Stream in Maryland and Pennsylvania, US

The Casselman River is a 56.5 mi tributary of the Youghiogheny River in western Maryland and Pennsylvania in the United States. The Casselman River drains an area of 576 square miles.

The river has been used for transportation across the Allegheny Mountains, between the cities of Baltimore and Washington, D.C., in the east and Pittsburgh in the west. Two railroads followed the Casselman River from Meyersdale, Pennsylvania, to Confluence. First is the B&O Railroad, running between Baltimore and Pittsburgh, which was completed in 1871, and is currently owned by CSX. Second is the Western Maryland Railway, which ran from Cumberland, Maryland, to Connellsville, Pennsylvania. Although the Western Maryland was abandoned in the 1980s, the right-of-way has been converted into the Great Allegheny Passage, a rail trail bicycle and hiking path.

==Variant names==
According to the Geographic Names Information System, it has also been known historically as:
- Casselmans River
- Castleman River
- Castleman's River
- Castlmans River
- Little Youghiogheny
- Old Town Creek
- Yockie Geni

==Course==

The Casselman River rises in Garrett County atop the plateau of western Maryland as two branches, the south one east of Meadow Mountain, the north one farther west, between Meadow Mountain and Negro Mountain. The two branches flow northward, combining just southwest of Grantsville, Maryland. The river then continues north into Pennsylvania, following a great arc across the Laurel Highlands of Somerset County to the community of Confluence, where Laurel Hill Creek joins a few meters above the Youghiogheny River.

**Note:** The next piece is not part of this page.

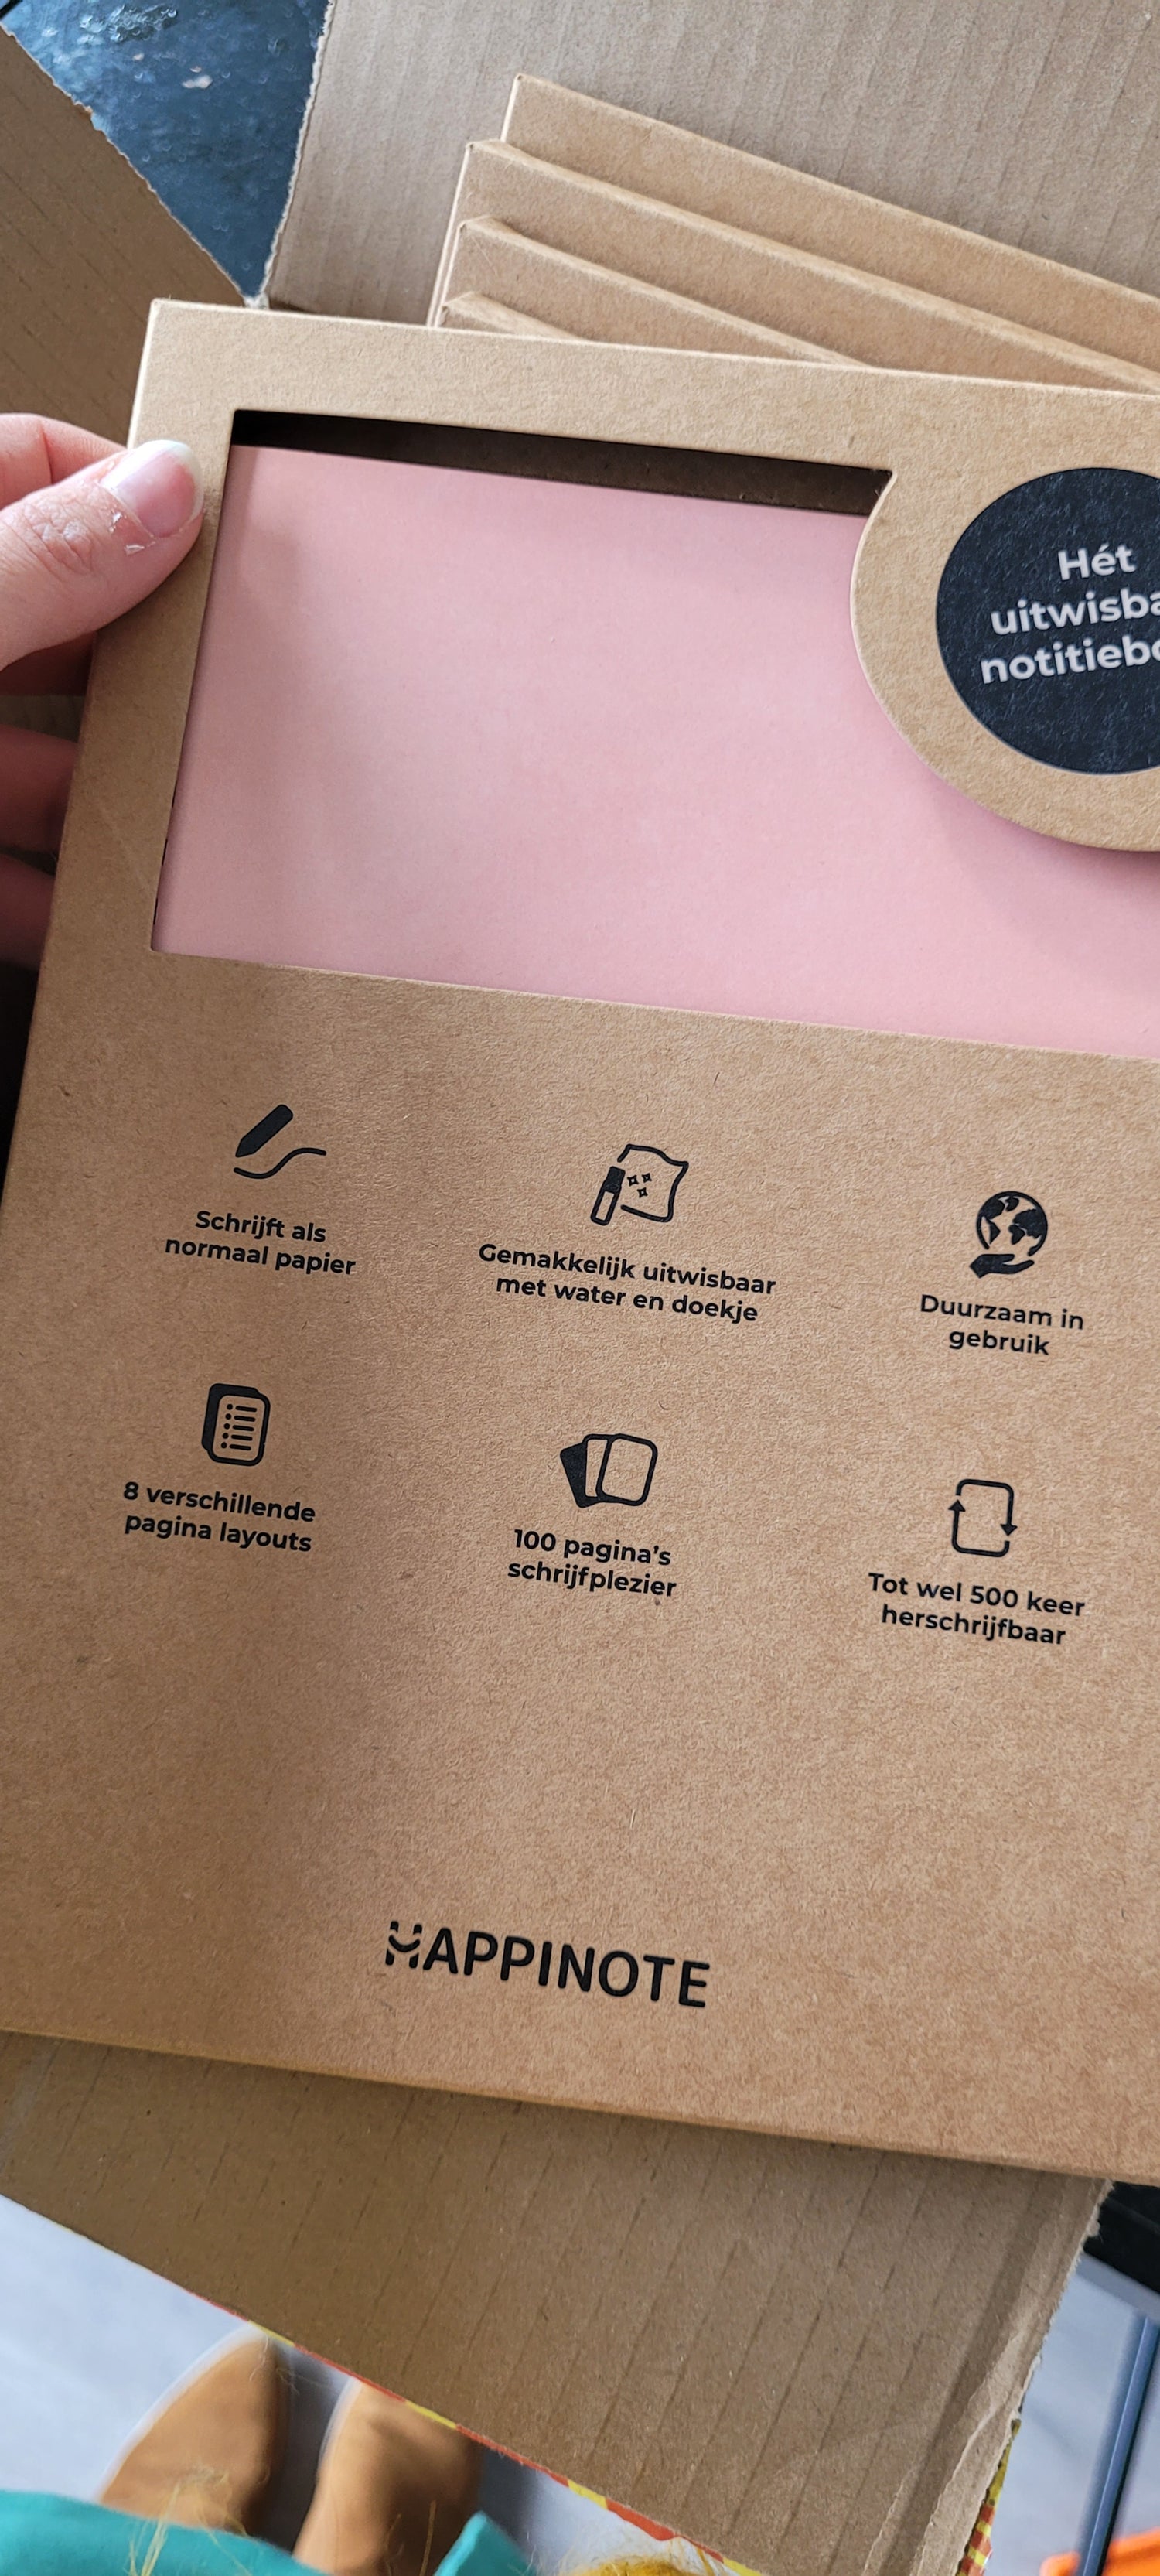 Happinote uitwisbaar notitieboek pink desert

On passing from Maryland into Pennsylvania, the Casselman River flows through Elk Lick Township, passing by West Salisbury and Boynton; Summit Township, flowing through Meyersdale and Garrett; and Black Township, coming to Rockwood and turning southwest. The Casselman River then forms a natural boundary between Black and Addison Townships on the southeast and Milford, Upper Turkeyfoot, and Lower Turkeyfoot Townships on the northwest, flowing past Casselman, Markleton, and Fort Hill along its way to Confluence.

==Tributaries==

In Pennsylvania, the tributaries of Flag Run, Meadow Run, Tub Mill Run, Piney Creek, Coal Run, Miller Run, Flaugherty Creek, Elklick Creek, Blue Lick Creek, and Swamp Creek all flow into the Casselman before it reaches Garrett, where Buffalo Creek and Bigby Creek add their waters. Lick Run, Shafer Run, and Stony Batter Run join the Casselman River before it reaches Rockwood, where Coxes Creek and Rhoads Creek meet the river. South Glade Creek, Middle Creek, Town Line Run, McClintock Run, Cucumber Run, Whites Creek, and Laurel Hill Creek all join the Casselman, before it flows into the Youghiogheny River at Confluence.